Zugleich stand eine Überprüfung der bestehenden Leitbilder, Aussagen und Grundsätze des traditionsreichen Unternehmens an und man entschloss sich zu einem außergewöhnlichen, in der Branche bisher wohl einmaligem Schritt: 15 Mitarbeiter wurden ausgewählt, quer durch alle Geschlechter, Alter, Abteilungen, Hierarchiestufen und Funktionen, die gemeinsam die Vision und Mission von Anker erarbeiteten und auch im Unternehmen kommunizierten. Und nicht nur das ist besonders, sondern auch, dass diese Vision und Mission, Werte und Regeln, Leitbilder und Führungsgrundsätze absolut bindend sind für alle Mitarbeiter - einschließlich der Führungskräfte. "Wer sich nicht daran hält, muss gehen - egal, welche Position er bekleidet", stellt Schoeller unmissverständlich klar.

Und welcher Vision folgt nun Anker? "Als eigenständiges Familienunternehmen im Markt für textile Bodenbeläge für professionelle Anwender setzen wir Maßstäbe für Nachhaltigkeit."
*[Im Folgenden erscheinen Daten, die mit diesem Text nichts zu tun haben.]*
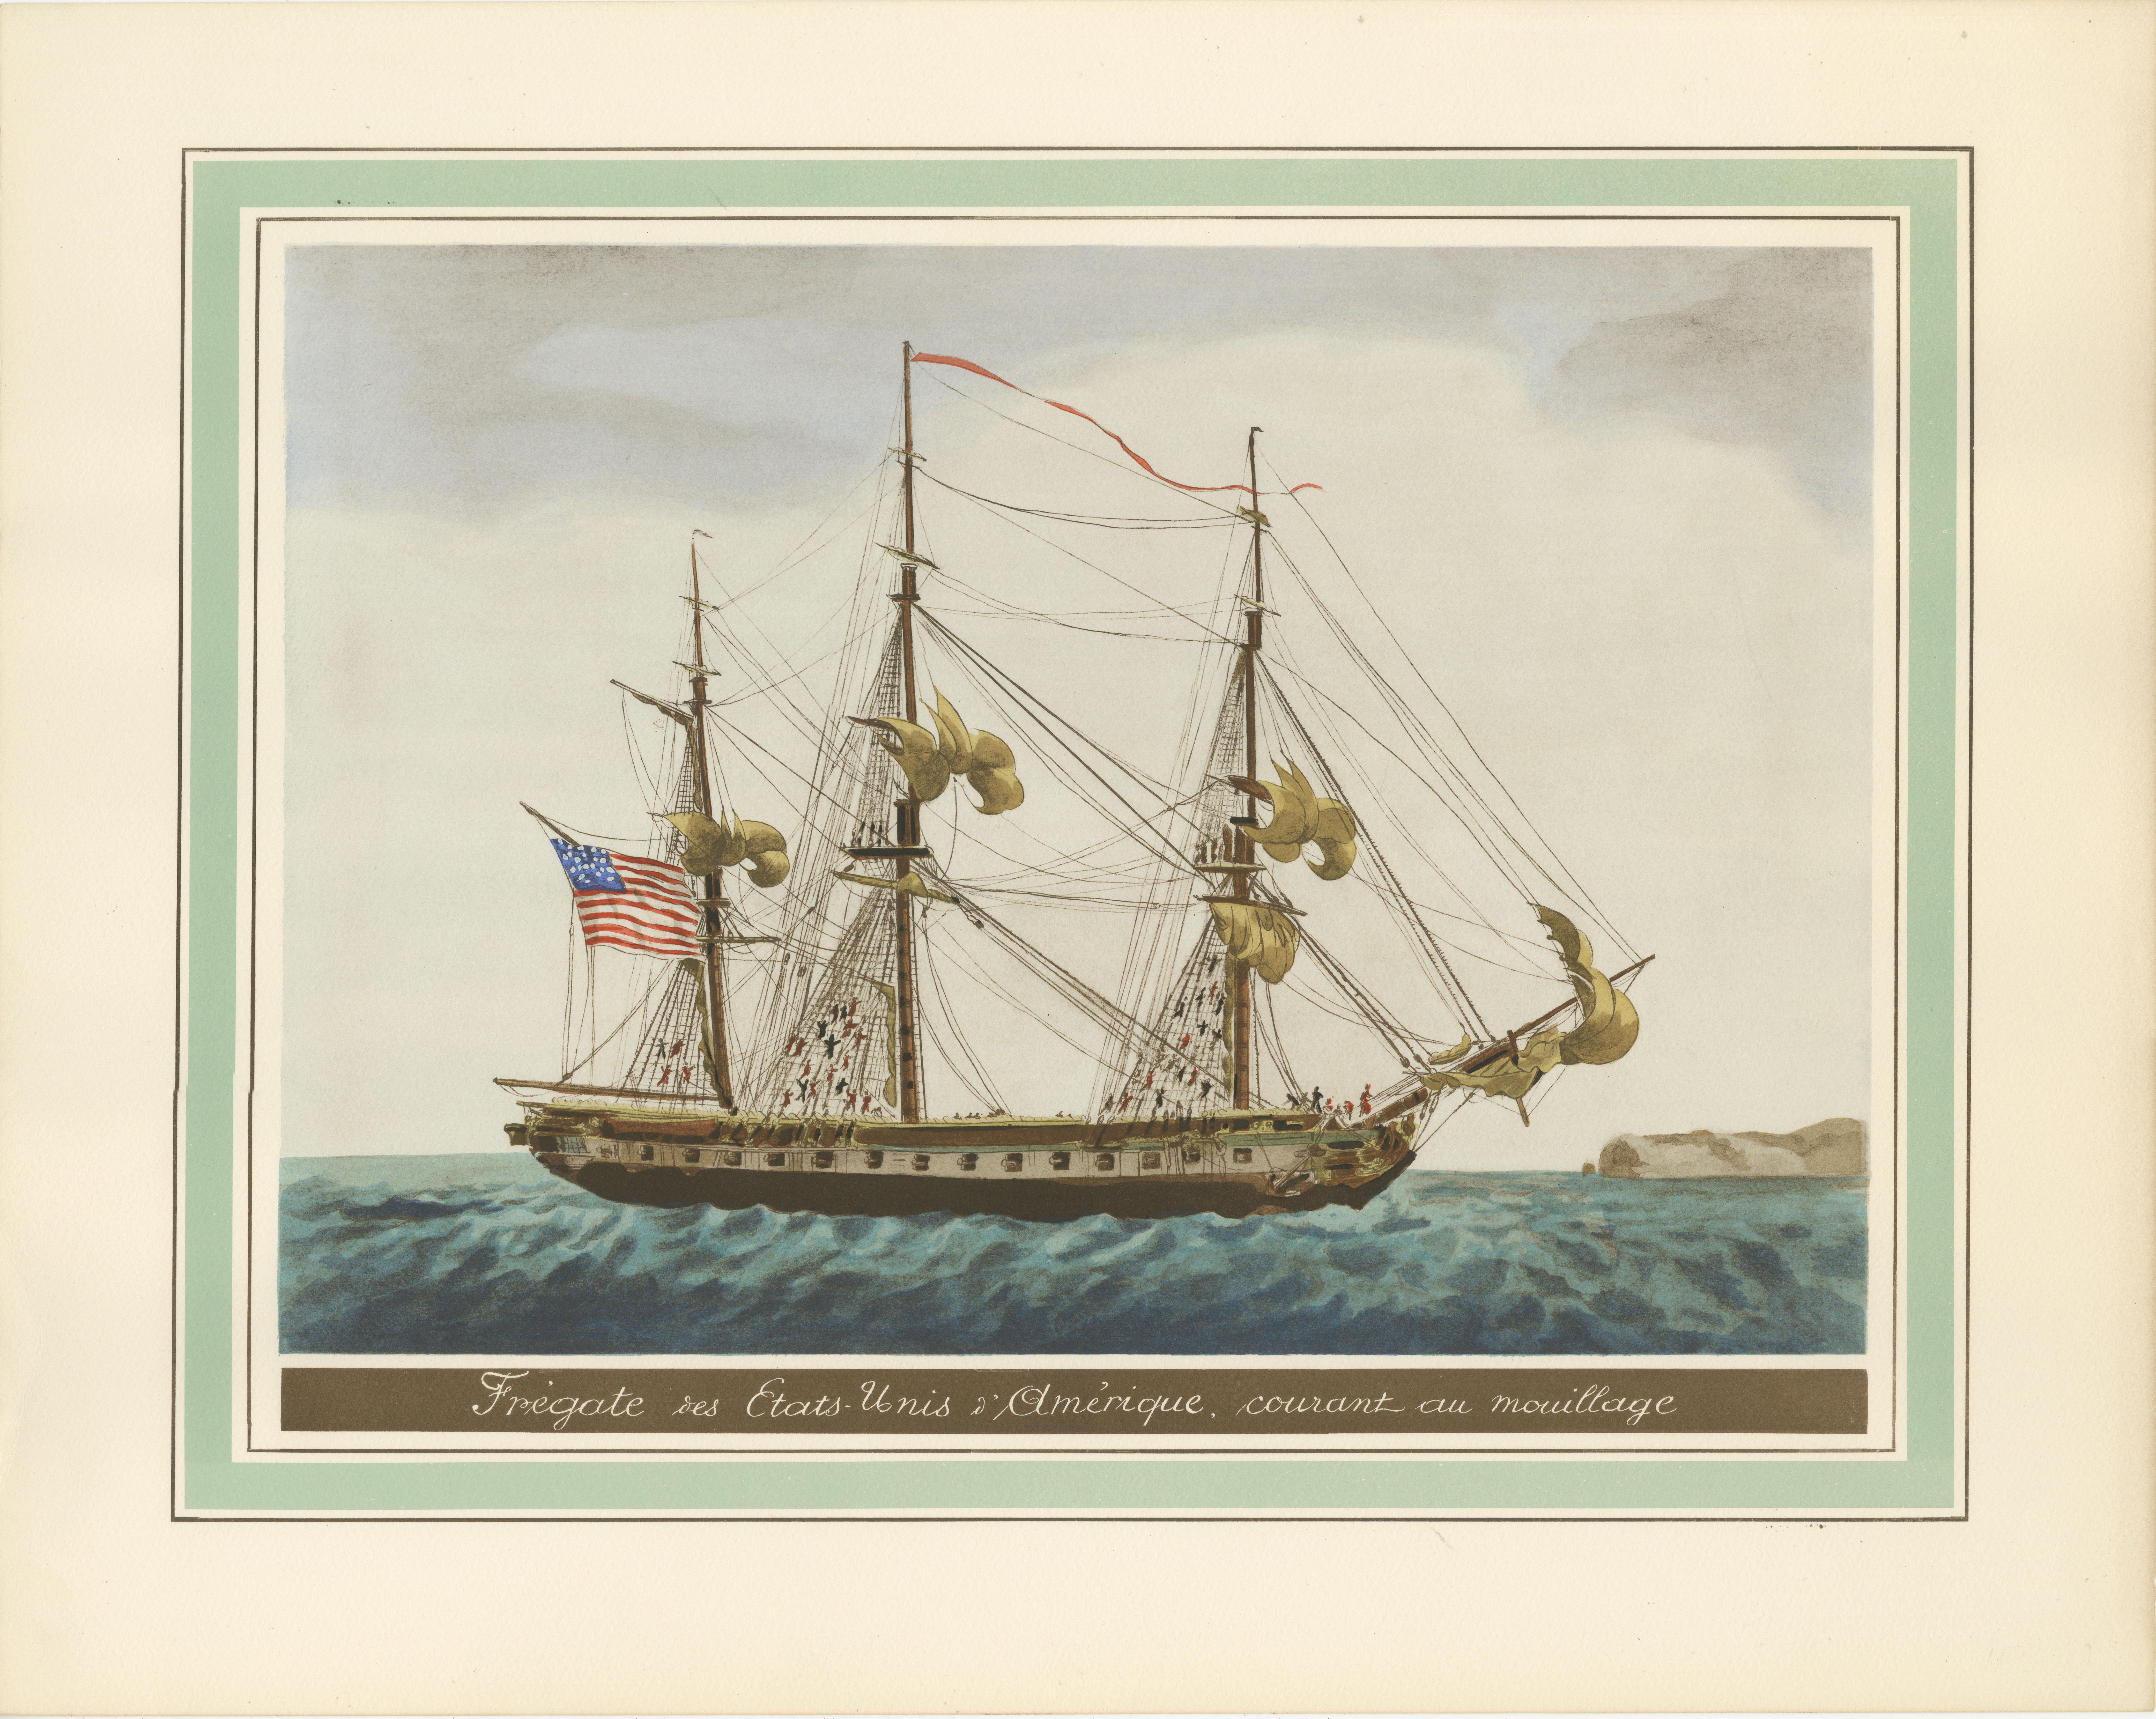 This print depicts an American frigate from the caption

Das nachhaltige Unternehmen

Nachhaltigkeit ist denn auch eine Vokabel, die bei Anker allerorten auftaucht und vielfach mit Leben erfüllt wird. Das gilt für die Energiezufuhr, die in diesem Jahr auf "Ökogas" umgestellt bzw. mittelfristig stark reduziert werden soll, genauso wie für eine Verringerung der Emissionen, von Ausschuss, Abfall und Müll sowie für das Sortiment, wo der Anteil an Produkten aus recycelten Materialien wie der Aquafil-Faser Econyl deutlich ausgebaut wird. Sechs neue Artikel mit 144 Positionen kommen, zusätzlich wurde aus der Kreativbox Entree 100 ein Lagerprogramm entwickelt. Als "technologische Spitzenleistung" wird Entree Ultra propagiert, eine Ware, die komplett aus recyceltem Polyamid besteht.

Darüber, dass das alles eingehalten und möglichst noch verstärkt wird, wacht der neue Leiter Nachhaltigkeit Karl Heinz Werker. Natürlich soll er auch weitere Potenziale ausloten und neue Wege finden, wie und wo Anker noch nachhaltiger werden kann. Diese Aufgabe übernimmt er zunächst zusätzlich zur Verantwortung für Marketing und Produktmanagement sowie der Vertriebsleitung Schweiz; mittel- bzw. langfristig sei jedoch damit zu rechnen, dass sich sein Schwerpunkt mehr in Richtung Nachhaltigkeit verlagert.

Nicht zuletzt investiert Anker natürlich auch kräftig in Neuheiten. Besonders wichtig war es Gerd Hoffe und seinem Team, den Tuftingbereich zu stärken - "mit Standards, Volumenbringern und Highlights". Das sind zum Beispiel die vom Großhandel herbeigesehnte Hotelkollekton Resort mit acht Dessins in 32 Positionen zu einem Preis sowie Sixpack II, der Nachfolger der erfolgreichen Vorgängerkarte. Das Konzept ist das Gleiche: Sechs verkaufsstarke Basis-Objektqualitäten aus Solutiondyed-Fasermaterial zum gleichen Preis.

Bei der Webware wurden aus innovativen Entwicklungen Standardprodukte abgeleitet, die zum Teil auch lagerhaltig erhältlich sein werden. Mehr zu und über die Neuheiten aus Düren gibt es auf der Domotex in Hannover, der Bau in München und der Euroshop in Düsseldorf zu sehen und zu erfahren.